*DIRECTIONS:* Every picture stays out; everything else in the listing below is to be returned exactly.

*INPUT DATA:*
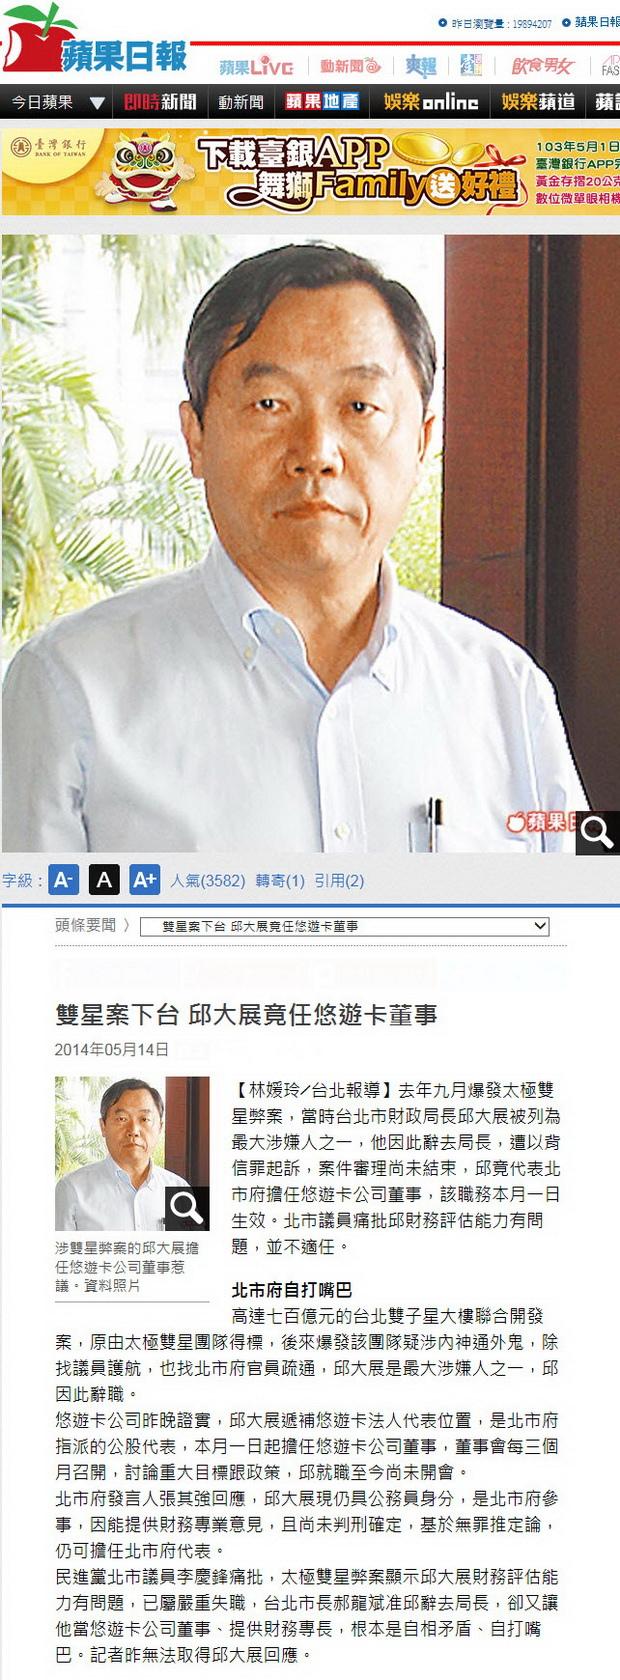 雙星案下台 邱大展竟任悠遊卡董事-2014.05.14.jpg
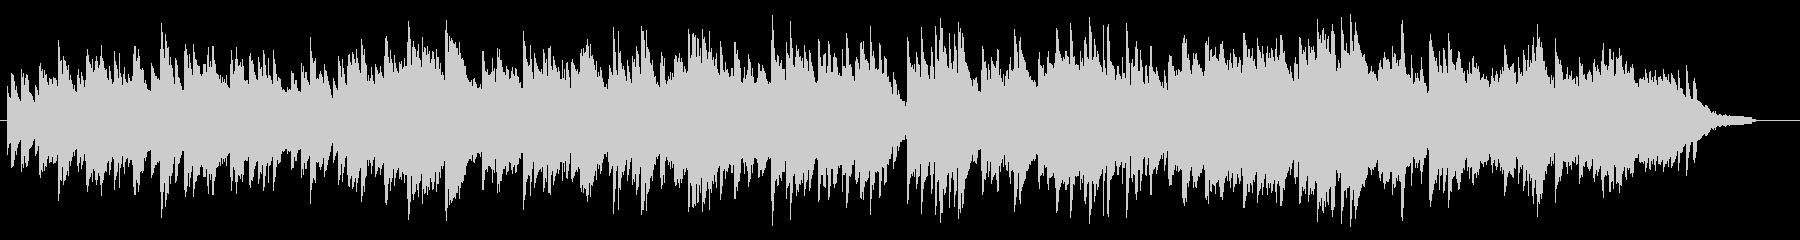 爽やかで切ない、やさしいピアノBGMの未再生の波形
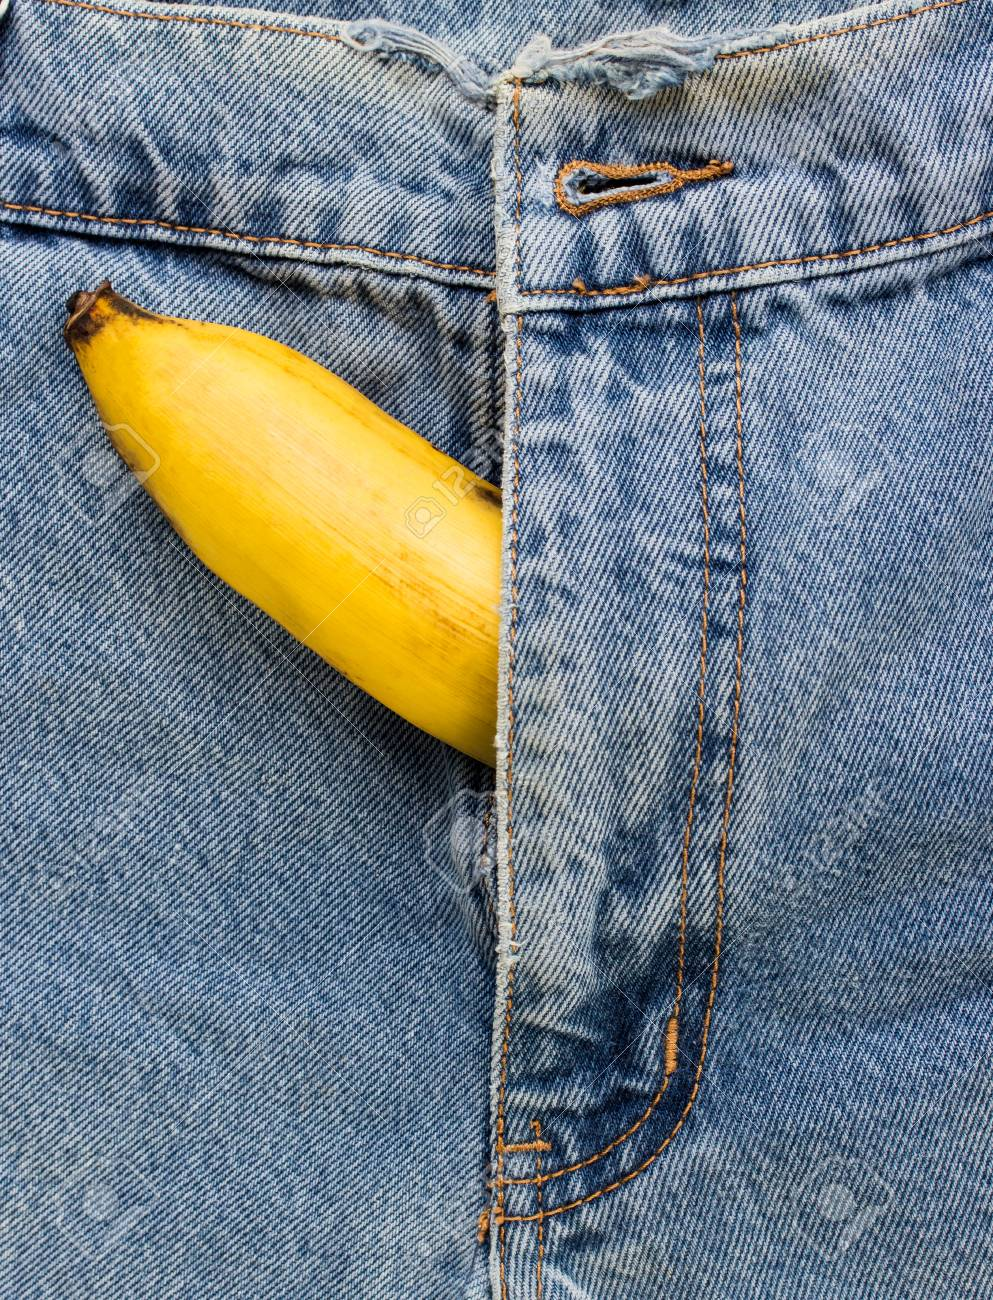 Mens penis pic

*RESULT FOR THIS EXERCISE:*
 雙星案下台 邱大展竟任悠遊卡董事-2014.05.14.jpg
 爽やかで切ない、やさしいピアノBGMの未再生の波形
 Mens penis pic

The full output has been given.